Sources
Connect external data systems to Thyme datasets.
A source connects an external data system to a Thyme dataset. The engine polls the source on a schedule, converts new rows into events, and publishes them to Kafka for downstream pipelines.
Attaching a source
Use @source to attach a connector to a dataset class. The decorator goes outside @dataset:
from thyme.connectors import IcebergSource, source
@source(
IcebergSource(catalog="prod", database="events", table="transactions"),
cursor="ts",
every="1m",
disorder="5m",
cdc="append",
)
@dataset(index=True)
class Transaction:
user_id: str = field(key=True)
amount: float
ts: datetime = field(timestamp=True)@source parameters
| Parameter | Type | Default | Description |
|---|---|---|---|
connector | connector object | required | The data source to read from |
cursor | str | "" | Field used for incremental reads (high-water mark) |
every | str | "" | Poll interval: "1m", "5m", "1h" |
disorder | str | "" | Maximum late-arrival tolerance: "5m", "1h", "1d" |
cdc | str | "append" | Change data capture mode (see below) |
cursor
The field the engine uses to track progress. On each poll, the engine fetches rows where cursor > last_seen_value. This enables efficient incremental reads without scanning the full table.
every
How often the engine polls the source. Format: integer + unit (m minutes, h hours, d days).
disorder
The maximum expected delay between event time and ingestion time. Events arriving later than (current_watermark - disorder) are discarded. This bound lets the engine advance the watermark and emit results without waiting forever.
Set this conservatively — too small and you lose late events; too large and your features are unnecessarily delayed.
CDC modes
The cdc parameter tells the engine how to interpret incoming rows.
append (default)
Each row is a new event. The table is insert-only. Use this for event logs, transaction records, click streams:
cdc="append"upsert
Each row is an upsert keyed on the dataset's key field. The engine interprets rows as the latest state for that key. Use this for tables where rows are updated in place (e.g., a user profile table):
cdc="upsert"debezium
Rows arrive as full Debezium CDC envelopes with before, after, and op fields.
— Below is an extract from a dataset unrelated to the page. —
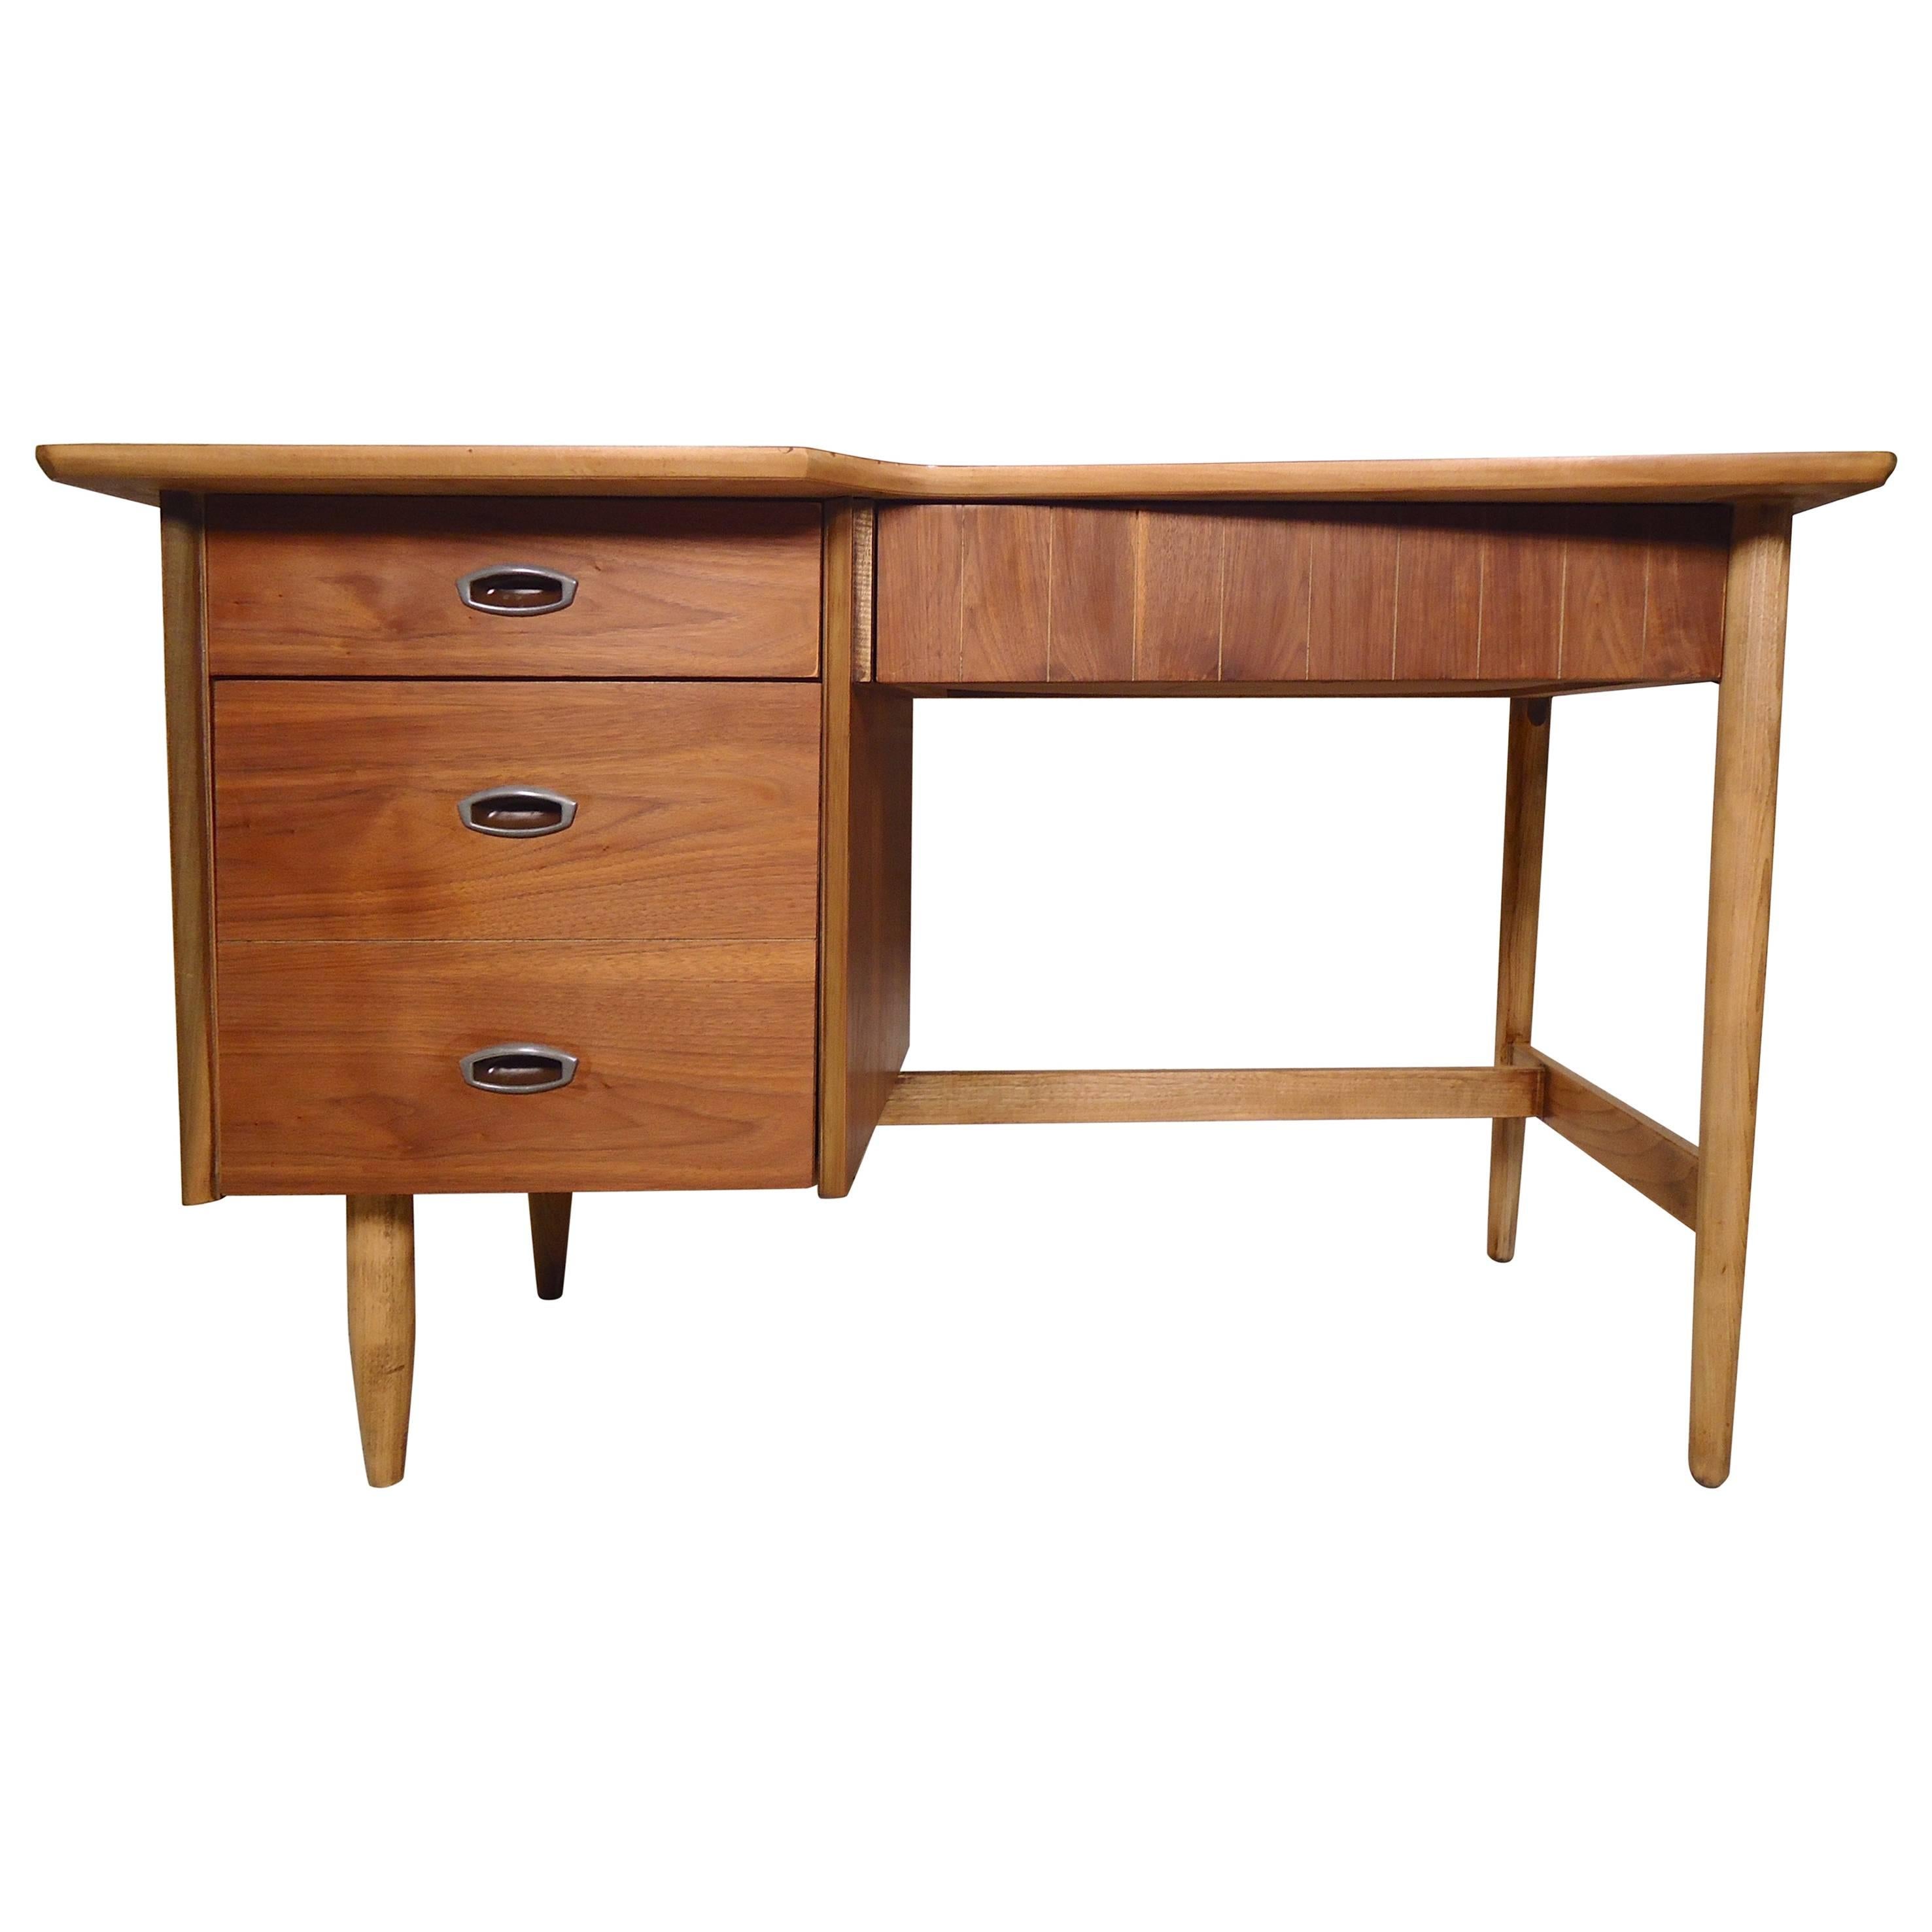 American Mid-Century Desk with Cut Out Top

Use this when reading from a Debezium Kafka connector upstream of Thyme:
cdc="debezium"Debezium mode handles INSERT, UPDATE, and DELETE operations from the envelope metadata.
Connectors
IcebergSource
Reads from an Apache Iceberg table.
from thyme.connectors import IcebergSource
IcebergSource(
catalog="prod", # Iceberg catalog name
database="events", # database/namespace
table="transactions", # table name
)| Parameter | Type | Description |
|---|---|---|
catalog | str | Iceberg catalog name |
database | str | Database or namespace |
table | str | Table name |
Additional connector types (Kafka, S3, PostgreSQL) are planned for future releases.